La gente considera los puntos como una acumulación de méritos. Para lograr un final satisfactorio (las residencias de ancianos son lugares donde las personas mayores pueden disfrutar de sus últimos años, y su sistema de gestión está desconectado del mundo exterior; ingresar en una residencia equivale a jubilarse y regresar al mundo real, sin participar ya en el trabajo social), prestan mucha atención a esto desde el momento en que se incorporan al mercado laboral, acumulando activamente puntos, es decir, acumulando méritos.

Debido a la menor competencia, cada persona centra su atención en sus propios esfuerzos y progresos. Por esta razón, la gente está muy motivada en el trabajo.

Todos tienen un trabajo

Dado que el gobierno proporciona las viviendas, las necesidades individuales se satisfacen según se requiera. Los conflictos entre vecinos son poco frecuentes. Todos viven en armonía y felicidad.

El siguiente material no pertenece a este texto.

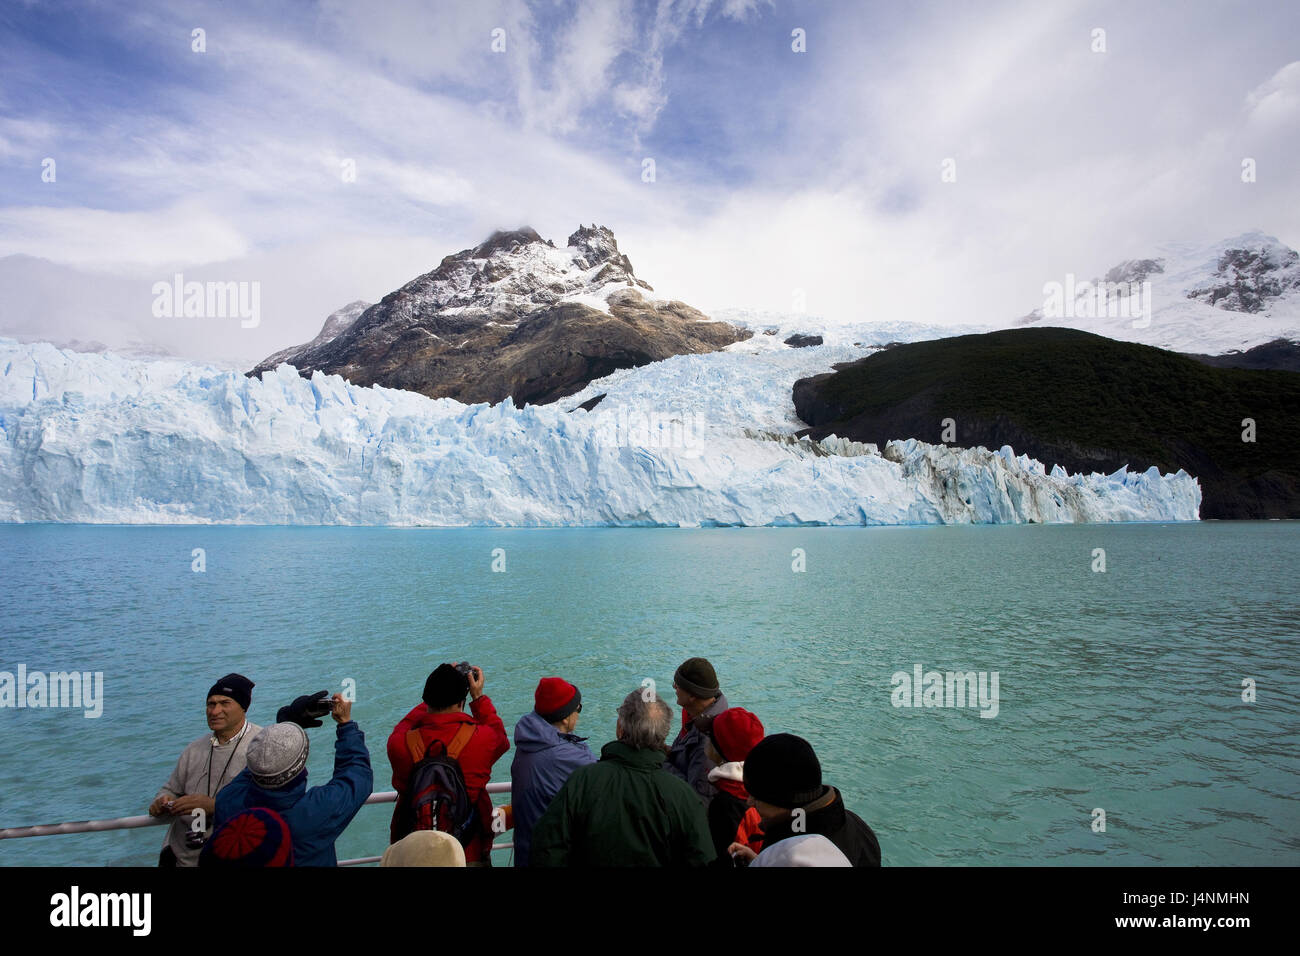 Argentina, Patagonia, Lago Argentino, ghiacciaio Spegazzini, lingua del ghiacciaio, imbarcazione turistica, nessun modello di rilascio, Foto Stock

En todo el país, todos tienen trabajo; no hay desempleados. Siempre que alguien esté físicamente capacitado, la organización le asignará un trabajo acorde a sus habilidades. Incluso a las personas más torpes y lentas se les asignará la tarea de recoger basura en lugares públicos. Ganarán diez puntos al día. Mantenerse económicamente no supone ningún problema.

Si alguien es verdaderamente perezoso y no está dispuesto a trabajar, dedicándose a comer y dormir, no hay problema; al menos sigue siendo una máquina de generar residuos. Lo lamentable es que tendrá que vivir en un "sanatorio para perezosos". Allí podrá comer, dormir y disfrutar de su pereza a sus anchas hasta que se aburra y decida hacer algo para matar el tiempo. Entonces, la organización le asignará algún trabajo acorde a sus capacidades. Solo después de dominarlo y desarrollar interés en él se le permitirá reintegrarse a la sociedad y mantenerse mediante el trabajo.

De hecho, lo último que les falta a Estados Unidos y Canadá es comida. Una persona más no marca la diferencia, y una menos tampoco. Promover el intercambio de trabajo por comida es simplemente implementar la política de "pago por trabajo" y "oferta según la necesidad". Porque existen muchas instituciones de bienestar social: jardines de infancia, escuelas, residencias de ancianos, centros para discapacitados y hospitales, todos gratuitos. Es inconcebible que un adulto físicamente capaz no participe en el trabajo. Además, si no has dejado tu huella en ninguna de las 360 profesiones, ¿no habrías vivido en vano?

En base a esta consideración, el estado se niega a apoyar a las personas perezosas. La solución está en la entrada del restaurante.